### What is needed
The result should be an exact copy of the data, free of pictures.

### Recorded data
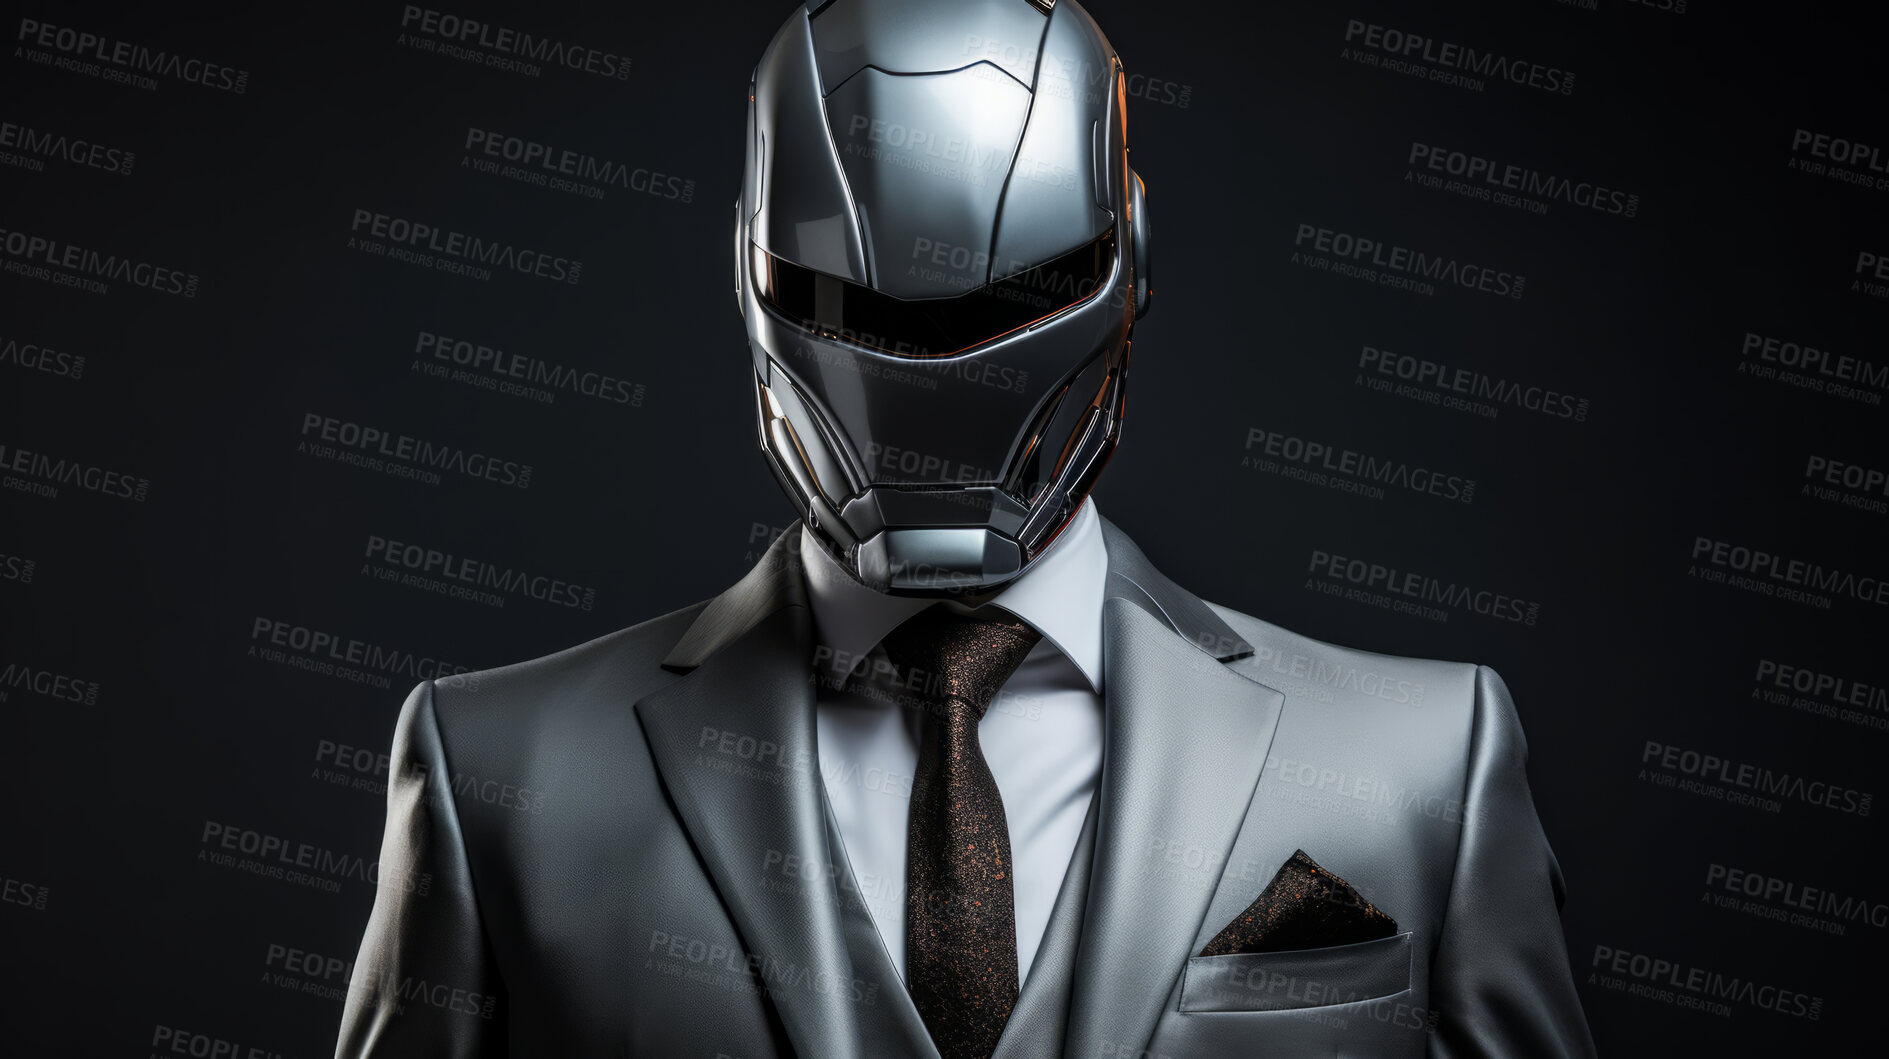 Buy stock photo Cyborg, robotic figure in business suit, futuristic metaverse concept against black backdrop
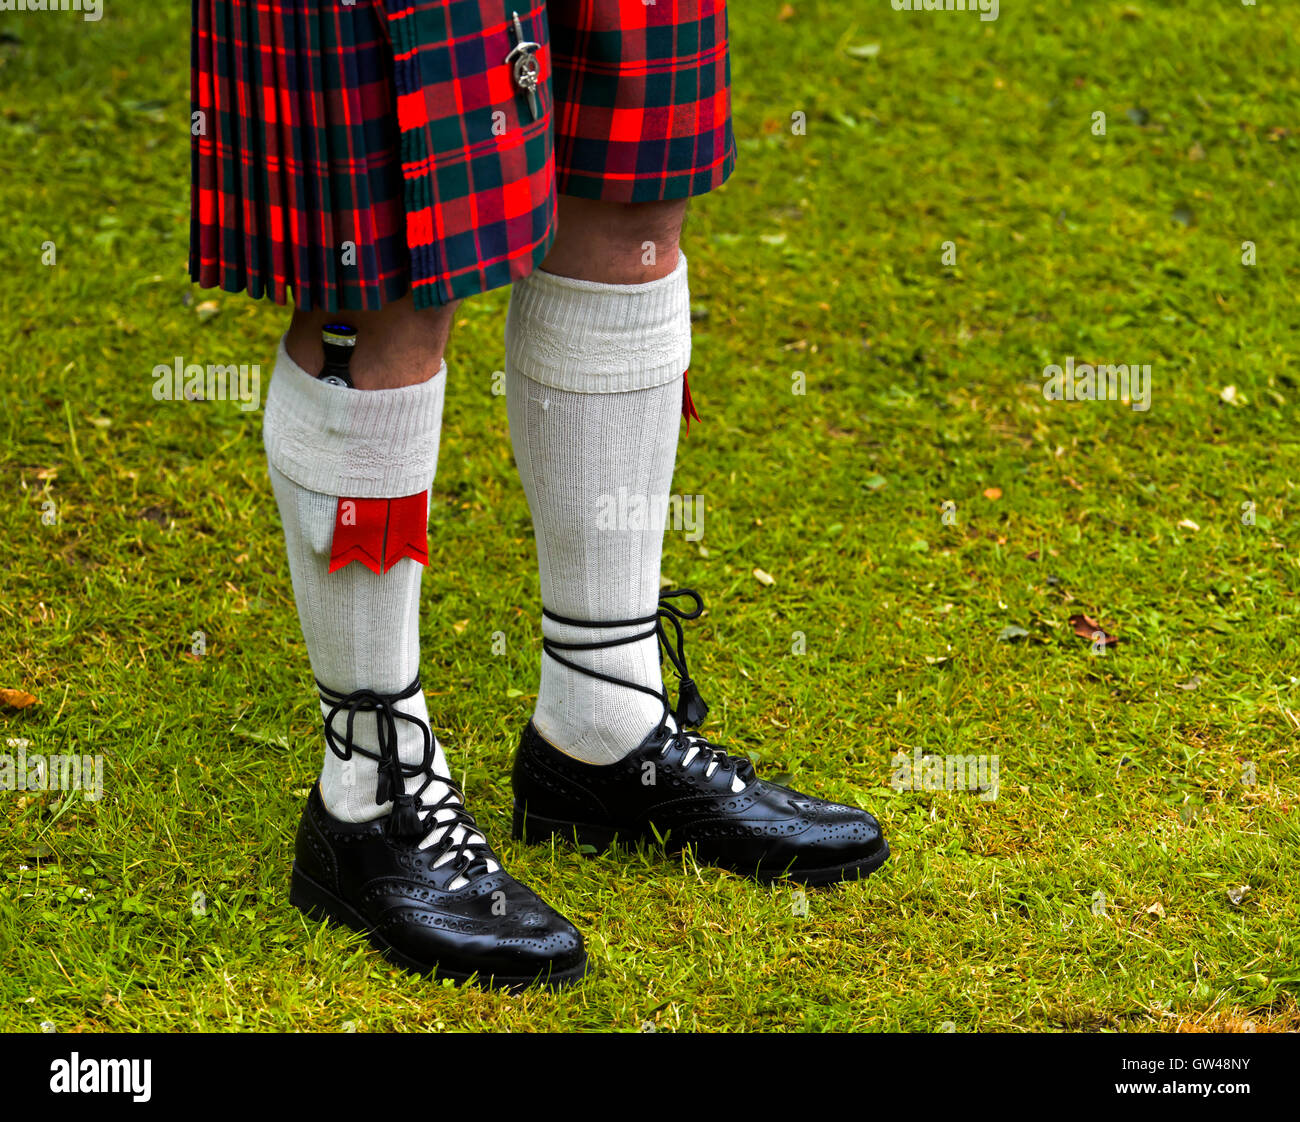 Traditionelle Highland Dress, Kilt, Kilt Socken, Kilt Socken Blitze, Sgian  Dubh Messer und schottischen Leder Ghillie Brogues kilt Schuhe  Stockfotografie - Alamy
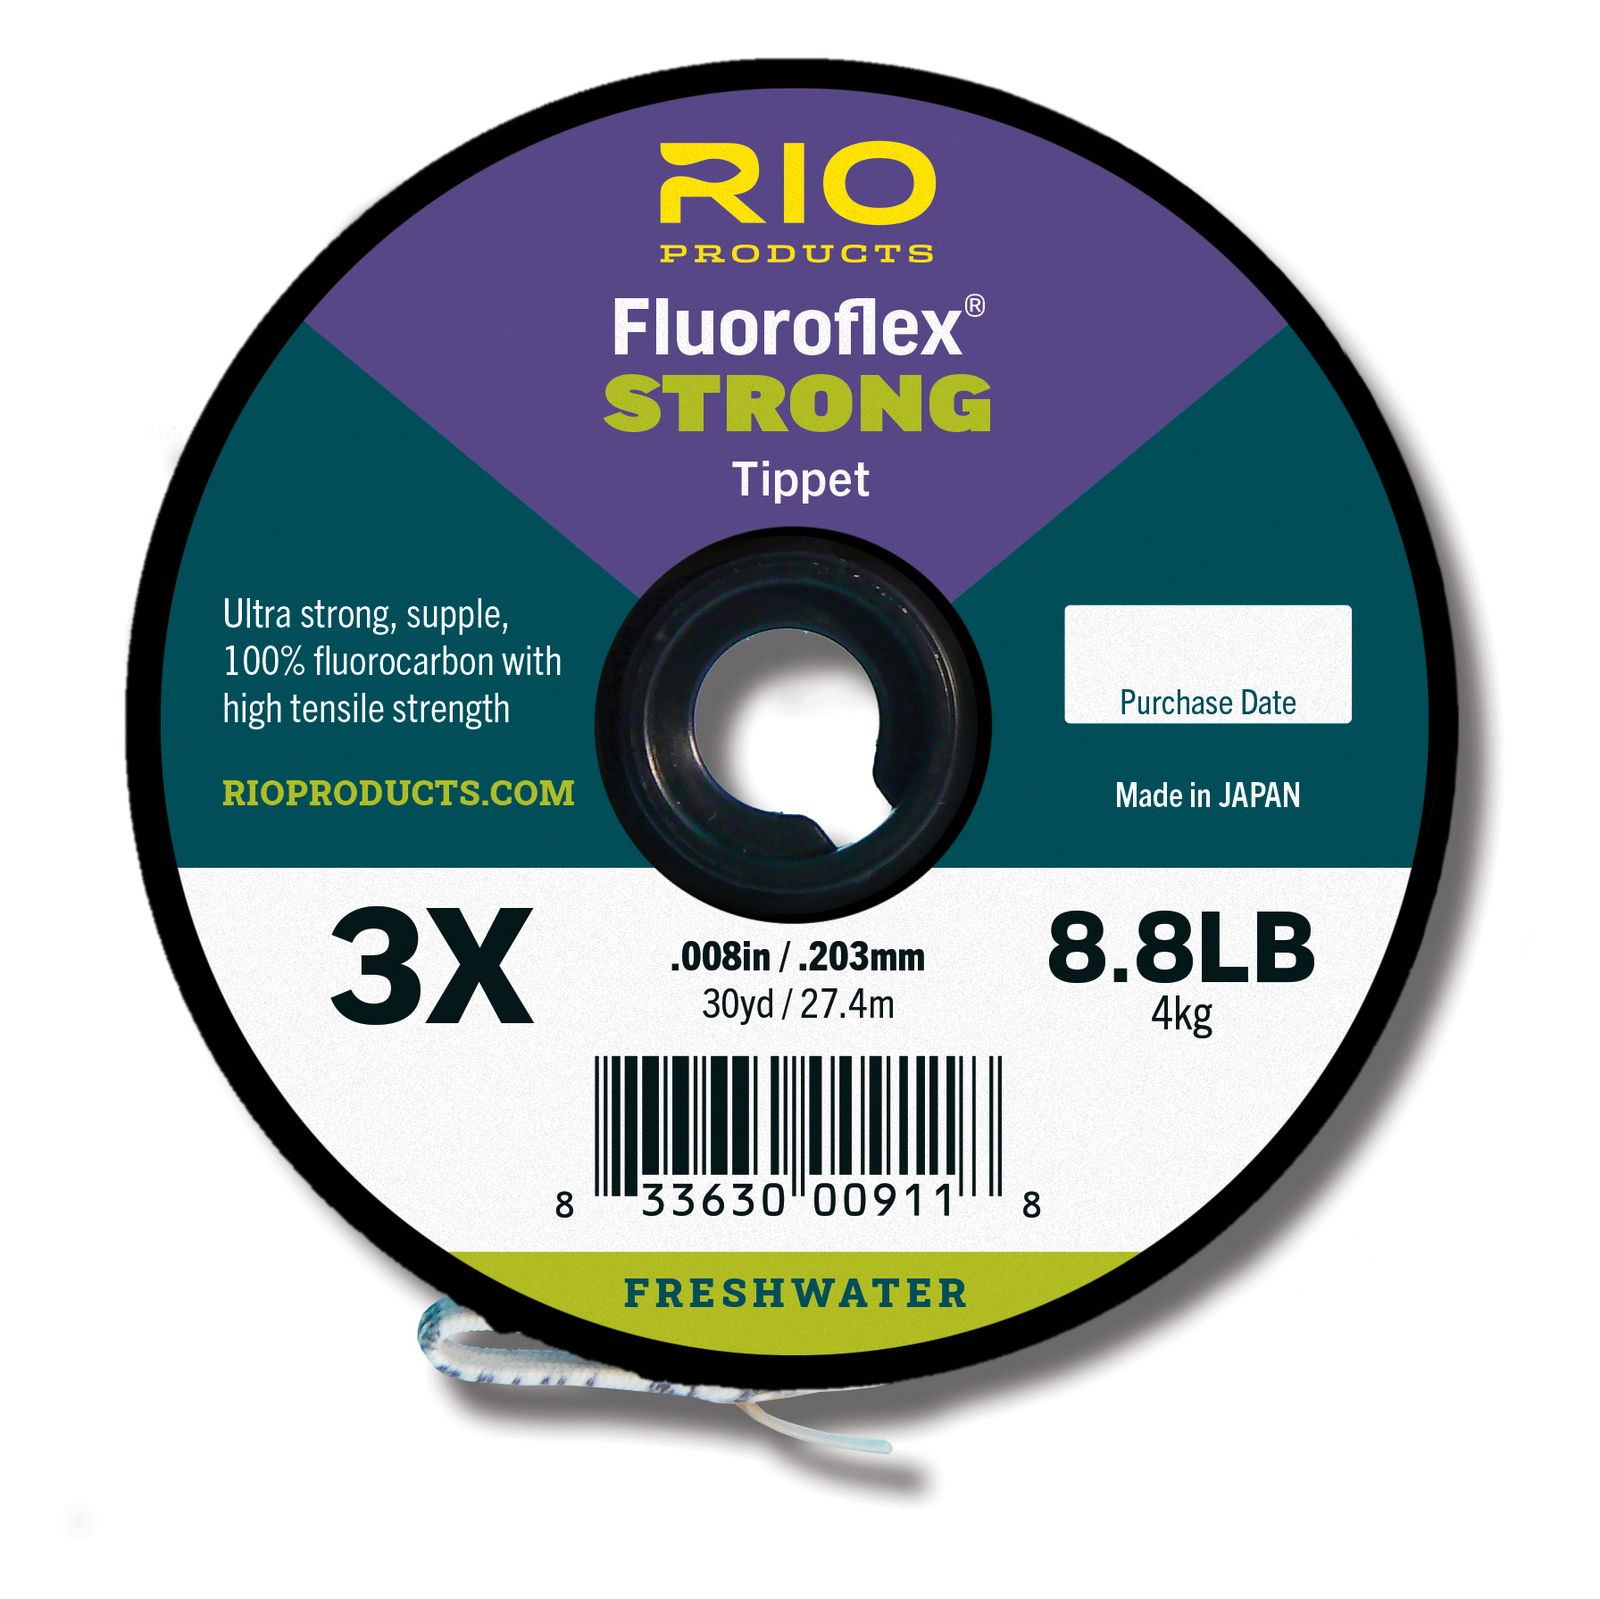 Rio Freshwater Fluoroflex Strong Tippet · 2x · 90 ft
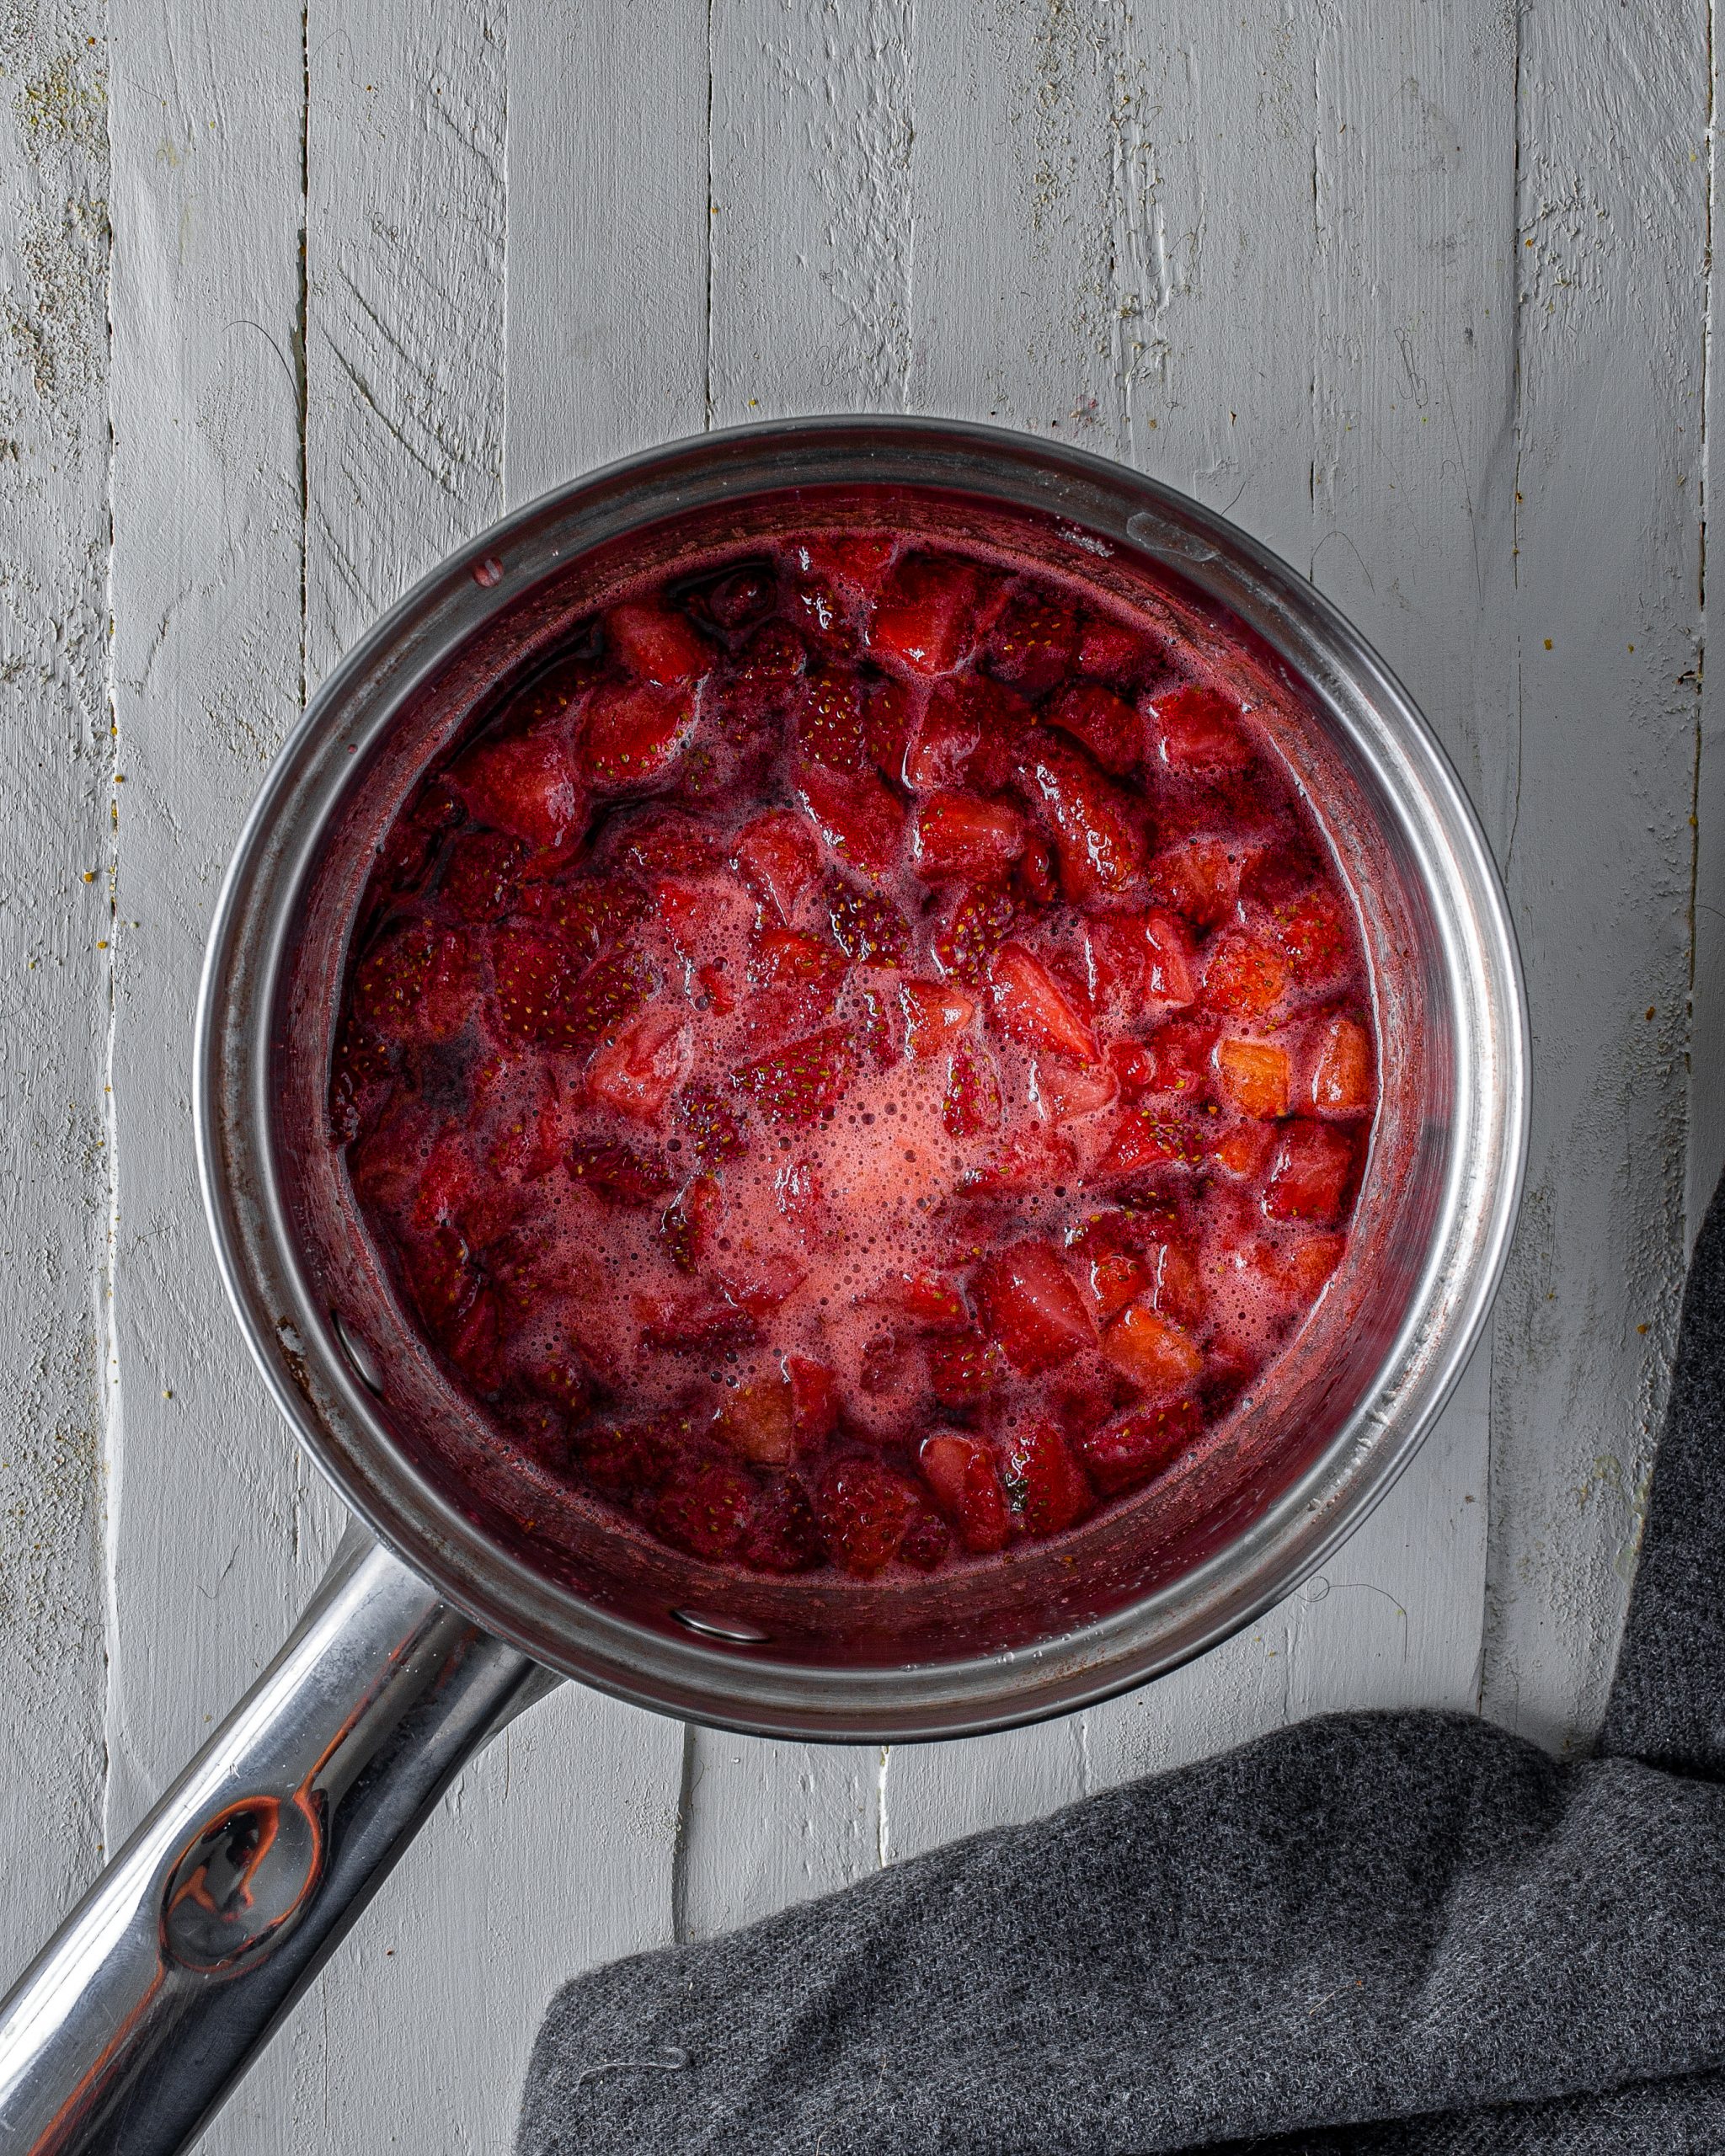 To a saucepan over medium heat, add the cornstarch mixture, granulated sugar, and cherries.

### Output of the task
 Buy stock photo Cyborg, robotic figure in business suit, futuristic metaverse concept against black backdrop
 Traditionelle Highland Dress, Kilt, Kilt Socken, Kilt Socken Blitze, Sgian  Dubh Messer und schottischen Leder Ghillie Brogues kilt Schuhe  Stockfotografie - Alamy
 Rio Freshwater Fluoroflex Strong Tippet · 2x · 90 ft
 To a saucepan over medium heat, add the cornstarch mixture, granulated sugar, and cherries.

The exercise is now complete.